Samarinda, Natmed.id — Pemerintah Provinsi (Pemprov) Kalimantan Timur (Kaltim) memperluas program pasar murah untuk menekan disparitas harga bahan pokok, terutama di daerah terpencil yang menghadapi kendala distribusi. Meskipun operasi pasar digalakkan, ketidakstabilan harga masih terjadi akibat hambatan logistik dan biaya angkut yang tinggi.
Kepala Dinas Perindustrian, Perdagangan, Koperasi, dan UKM (DPPKUKM) Kaltim Heni Purwaningsih menyampaikan pihaknya fokus pada wilayah seperti Kutai Barat, Mahakam Ulu, Paser, Penajam Paser Utara dan Kutai Timur, karena sering mengalami lonjakan harga dibanding kota besar.
“Di daerah remote, harga barang mudah melompat karena distribusi tidak selalu lancar. Program pasar murah bertujuan menekan disparitas tersebut,” ujarnya usai mengunjungi Pekan UMKM di Samarinda, Sabtu 6 Desember 2025.
Heni menjelaskan, Pemprov Kaltim tetap menggandeng Perusda MBS sebagai mitra strategis untuk menjamin stok dan stabilisasi harga. Di kota besar seperti Samarinda dan Balikpapan, distribusi relatif lebih lancar, sehingga operasi pasar bersifat rutin.
Sedangkan di wilayah terpencil, intervensi pemerintah harus lebih intensif agar warga tetap bisa mengakses kebutuhan pokok dengan harga terjangkau.
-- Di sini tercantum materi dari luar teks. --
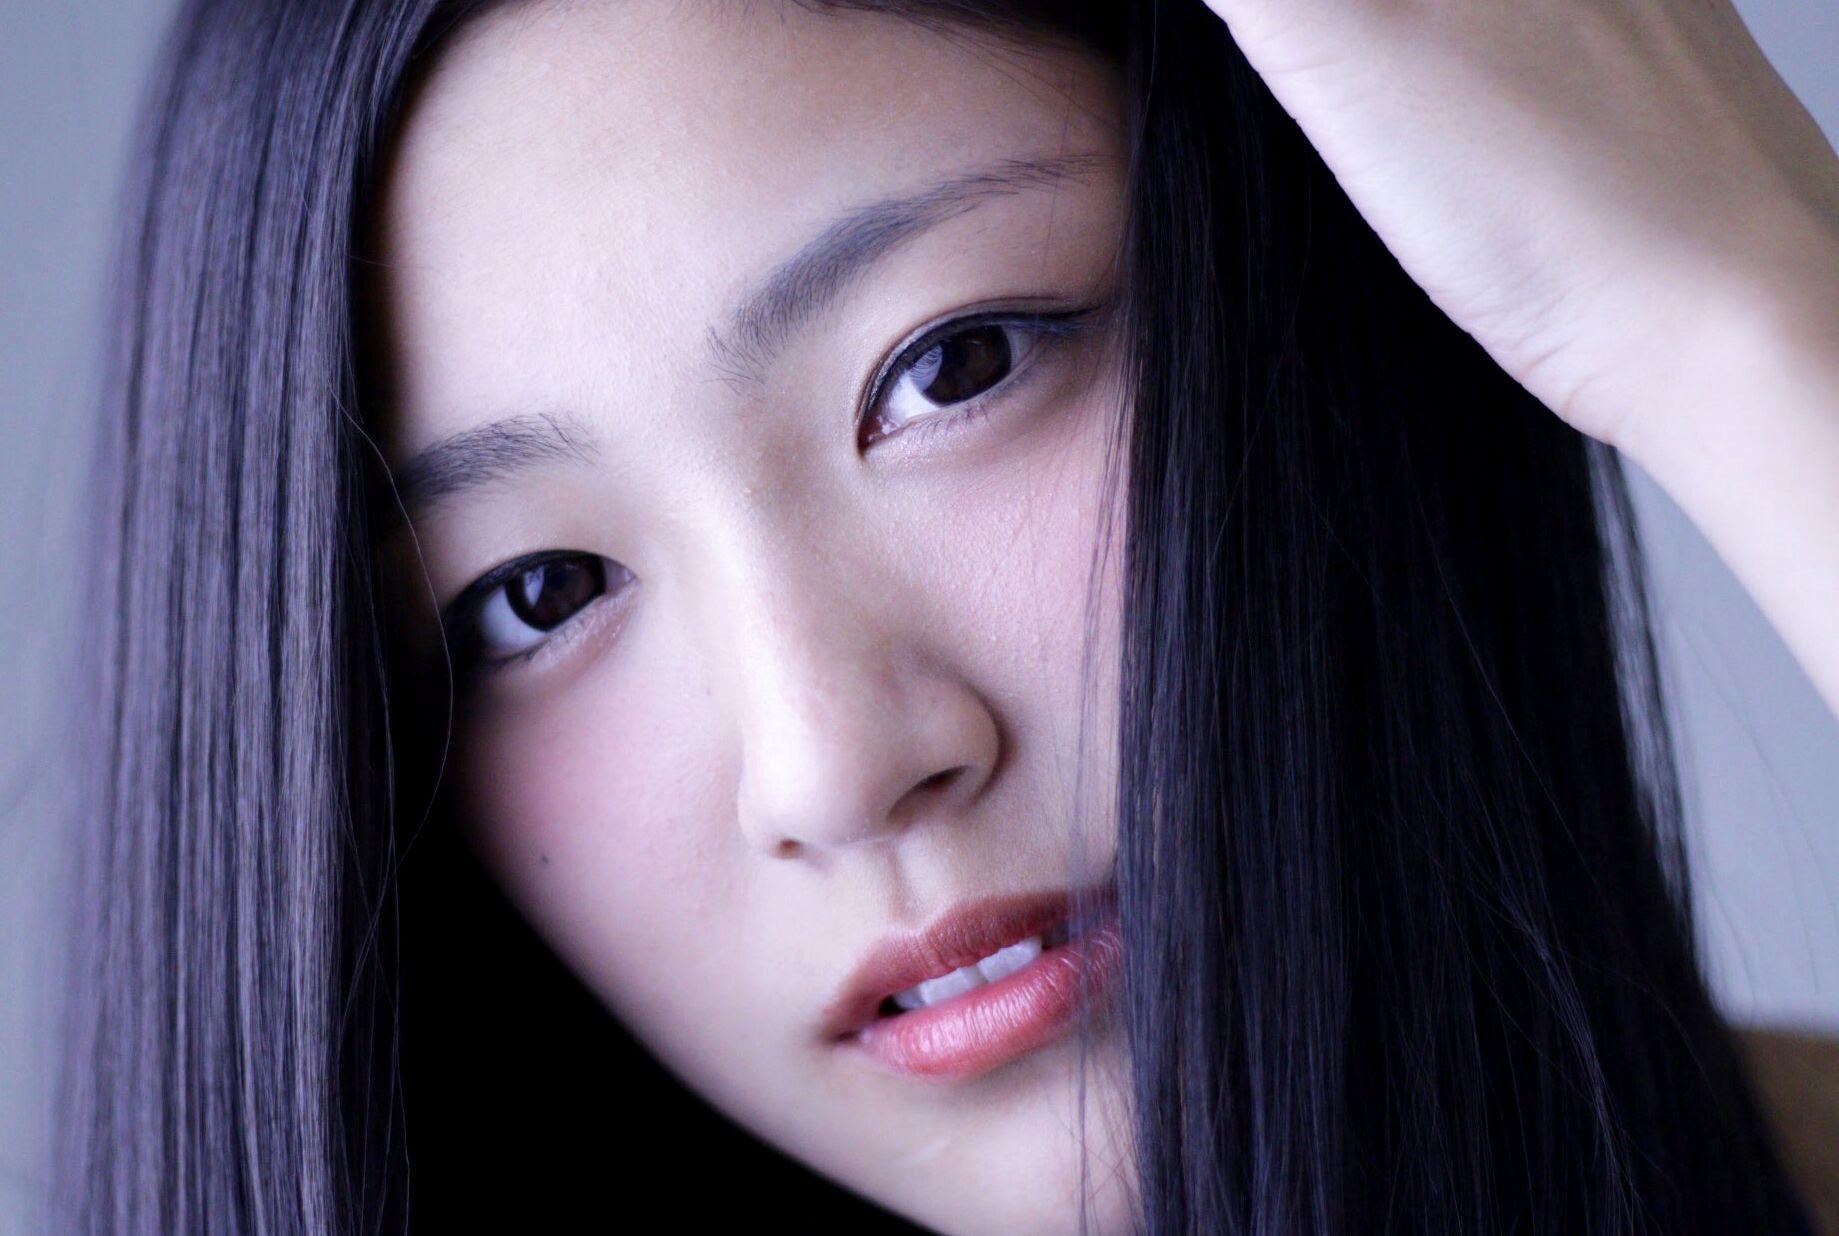 奈良岡美夢の顔ヌキ素材 (2)

“Kami tidak menunggu momen tertentu, stabilisasi harga adalah kebutuhan harian. Semua daerah remote menjadi prioritas agar masyarakat tidak dirugikan,” tambahnya.
Sepanjang 2025, DPPKUKM telah menggelar lebih dari 10 operasi pasar. Selain menjual bahan pokok lebih murah, kegiatan ini juga digunakan untuk memetakan komoditas rawan kenaikan dan wilayah yang paling membutuhkan intervensi.
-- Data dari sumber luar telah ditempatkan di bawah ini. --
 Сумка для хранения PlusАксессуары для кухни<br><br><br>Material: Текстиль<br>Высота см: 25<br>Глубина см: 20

Heni menegaskan pentingnya kolaborasi lintas sektor, termasuk BUMN, BUMD, perbankan, dan perusahaan swasta, terutama dalam kondisi efisiensi anggaran OPD menjelang 2026.
“Kolaborasi ini bukan pilihan, tapi kebutuhan agar distribusi dan harga tetap terkendali,” katanya.
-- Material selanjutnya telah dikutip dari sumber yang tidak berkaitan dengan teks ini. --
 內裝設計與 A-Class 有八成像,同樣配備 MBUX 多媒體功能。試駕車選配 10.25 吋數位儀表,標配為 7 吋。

Selain stabilisasi harga, program pasar murah menjadi wadah edukasi bagi masyarakat mengenai akses pangan yang aman, murah, dan berkualitas. Heni menambahkan, data dari operasi pasar juga digunakan untuk membangun basis informasi UMKM lokal dan mendorong partisipasi generasi muda dalam kegiatan ekonomi kreatif.
Meski tantangan logistik masih menghambat distribusi pangan, Pemprov Kaltim memastikan program pasar murah akan terus diperluas dan menjadi strategi rutin untuk menjaga ketersediaan dan keterjangkauan bahan pokok di seluruh kabupaten/kota.
“Tujuan akhir kami adalah memastikan semua warga, terutama di daerah terpencil, mendapatkan pangan yang stabil dengan harga wajar,” tutup Heni.